Head's Up! These forums are read-only. All users and content have migrated. Please join us at community.neo4j.com.
12-28-2020 05:34 AM
Customer would like to migrate legacy neo4j database/app (2.1.4) with over 1 M+ nodes and 3 M+ relationships to Oracle. Attempting to determine reasonable feasibility given lack of neo4j/Cypher expertise. Customer would like to harvest this data and move it into a relational data mart and join it with other corporate data sets. Been investigating whether APOC library could be utilized against this much older version of neo4j. Any assistance would be appreciated.
12-28-2020 09:34 AM
What's the reason the customer wants to migrate the DB? Is it just because they don't understand it? (It seems like it hasn't been maintained if it's back on 2.1.4 so maybe no one know how it works or what to do with it.)
The Neo4J has a big advantage when there are a lot of many-to-many relationships plus the ease of querying.
You don't mention how many Node Labels (which you can think of as Node types) there are. Labels are roughly akin to RDBS Tables. The more different kinds of Labels, the more onerous the conversion. Another advantage of Neo4J is nodes can have multiple Labels, which is like multiple inheritance. If the existing Neo4J has a lot of multiple labels, that will be hard to convert because RDBS doesn't play well with overlapping characteristics. In a RDBS, the Table columns must be fleshed out ahead of time. These columns correspond to Node Properties, which can overlap or be missing (which can be thought of as Nulls.)

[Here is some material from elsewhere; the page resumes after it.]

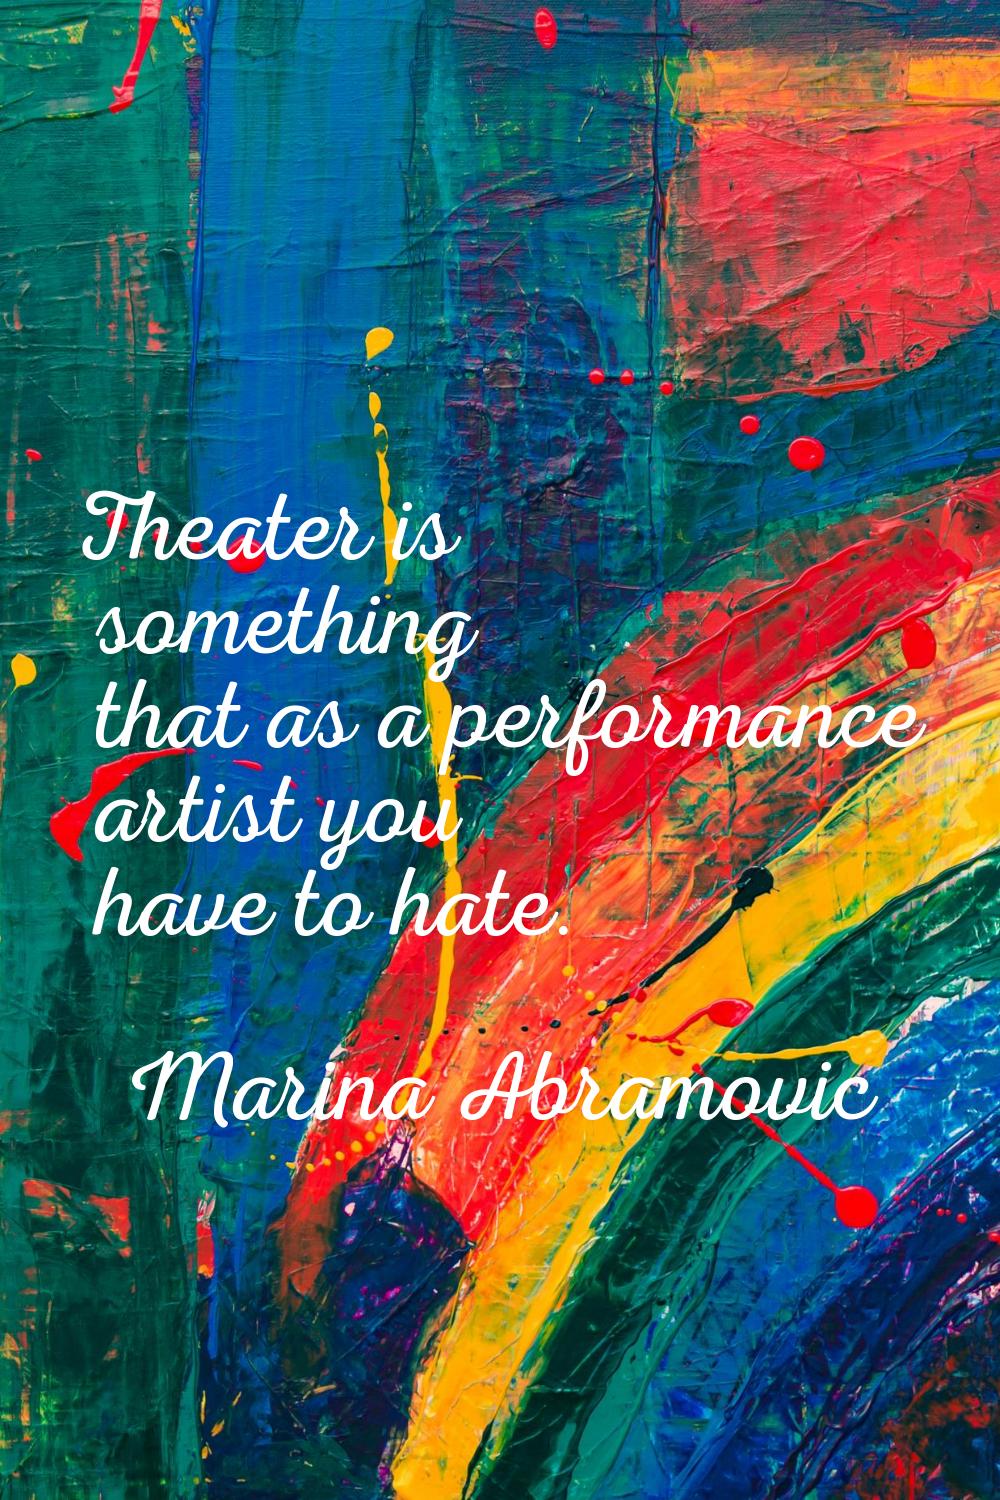 Theater is something that as a performance artist you have to hate.

You also don't mention how many Relationship Labels there are. Two nodes can connect to each other through one or more relationships. Relationships can also have properties, which will be another sticking point. Since there isn't a fundamental "relationship" type in a Relational DB, it will be a challenge to try to understand where to put a relationship's property into which RDBS table.
Another possible hurdle, is properties in Neo4J are more flexible than in a RDBS. The same property name could contain a string or a float in different Nodes that have the same Label. Furthermore, a property can contain an array, which typically doesn't work very well in a RDMS.
The real challenge of a port from Neo4J to RDBS is not the amount of data, but rather the complexity of the implicit Schema of the Neo4J data which has to be translated (and semi-frozen) into an explicit Relational DB Schema. This task could very well be non-trivial, depending on the richness of the Neo4J database. This has to be done carefully, as if you get the schema wrong, you may have to redo the schema or worse, reimport again.
I suspect it might be better to connect the traditional RDBS with Neo4J using one of the various APIs (see: How do I use Cypher to connect to a RDBMS using JDBC - Knowledge Base ). This is because a good DB architect would have chosen Graph DB over a Relational DB because of the complex of the data. (On the other hand, it could be that a DB architect chose Neo4J because they thought it would be cool to try it out.)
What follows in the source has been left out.